Brewing Occurred 16 Oct 2004

Blue Monkey Brewing


Steeping the Malted Barley: We started with all new equipment, having never done this sort of thing before. The pot was not sterilized because we were boiling stuff in it (but it did start clean), as dicteated by Brewmaster Blue Monkey. Starting with distilled water, we begin by steeping malted barley (1lb of 40L carmalized - whatever that means) in it as if it were two huge tea bags. We do this for a while, or until the proper color is achieved. This was done at about 175 deg. Don't forget to pound the crap out of it on the floor with a rubber mallet to crack the husks so it isn't as bitter (I'm not making this up man!)

Removing the spent Malted Barley: We then pull out these "tea bags", being careful to remove as much water as possible from them before discarding.

Boiling the Wort: At some point we add a carmelized malt (prefabricated malted barley reduced to a syrup-like consistency. Add two 3.3lb can. We chose Coppers Real Ale because we were making a Pale Ale. We boil the wort for for like an hour or somethin' (helps if you turn the flame knob on the stove the right way).

Mullet Blue Monkey and his Guiness Hat: Those things poke you in the eye.

Adding in the Hops: Hops are added for flavor, and historically as a preservative. We chose a combination of Pacific Northwest hops (for their rich flaver and aroma) and German (for their bitterness). Some of the hops are freeze dried and and are still leafy. Others are reduced to pellets and added as such. The timing of adding them is critical. We added a bunch at the begining of an hour of boiling, then another bunch (TBD which) for the final 20 minutes.

Brewmaster Stiring the Wort: Important to stir, or are we just bored?

Chilling the Wort: Since our boiling pot is not five gallons (our intended total fermentation is 5 gallons, or 48 12-oz beers, or 40 pints), we boil up something less than half that in a concetration, then add water (distilled) to the wort in the carboy for the total, unconctrated volume. Well, you can't poor all that boiling wort into the carboy at once, so you can either wait for it to cool, or chill it with ice in the sink, as we did.

Mixing the Yeast into the Wort: A small portion of yeast (what kind, how much, why) is mixed from a dry powder into a small (warmed?) solution and added to the wort. Here, the Brewmaster is gently mixing the yeast and wort by swirling the carboy.

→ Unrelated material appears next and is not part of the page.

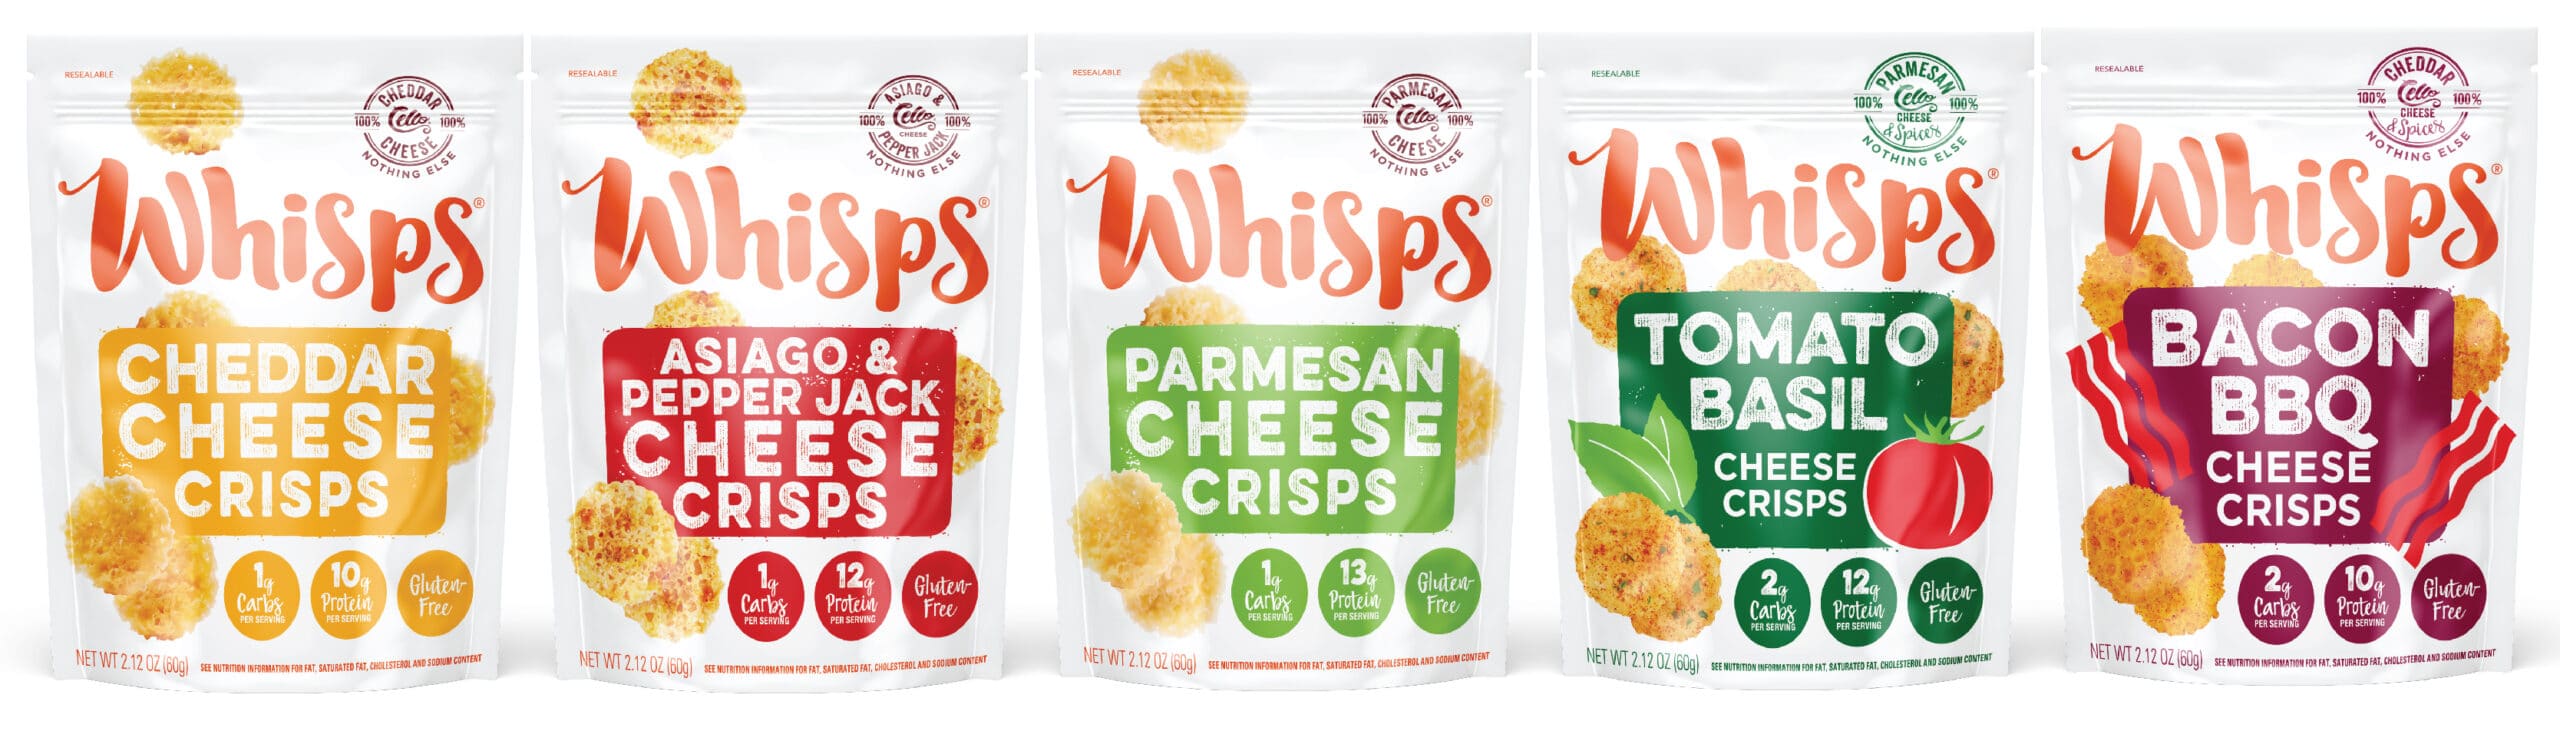 Whisps Cheese Crisps Snack Pouch Packaging Design Scaled

Brewing: At this point we have only to wait while the yeast ferments our beer. Much idle discussion is wasted upon the meaning of the whole endeavor. Here we have created a small world filled with the perfect resources for a population of yeast to devour. We are the gods of this world. We purposely introduced a species of creature to this Eden to achieve an end. Our purpose was for the yeast to reproduce, prosper, and consume the resources, in the process producing the byproducts of alcohol and carbon dioxide. The yeast did as the creators intended: prospered, reproduce, consumed, and died. Do you think the yeast pray to us?

"Our heavenly fathers, why have you forsaken us? Is there no more sugar to be had? Please hear our prayers, fathers."

Did not our god(s) intend for us to reproduce and consume, with the intent of producing a byproduct for the god(s)? Would it not then be against our god(s)'s wishes to conserve? How can we know the will of the god(s)?
All this contemplation, and we have yet to partake of the beer. What will we discuss when we're three-sheets-to-the-wind (or four-parts-pissed)?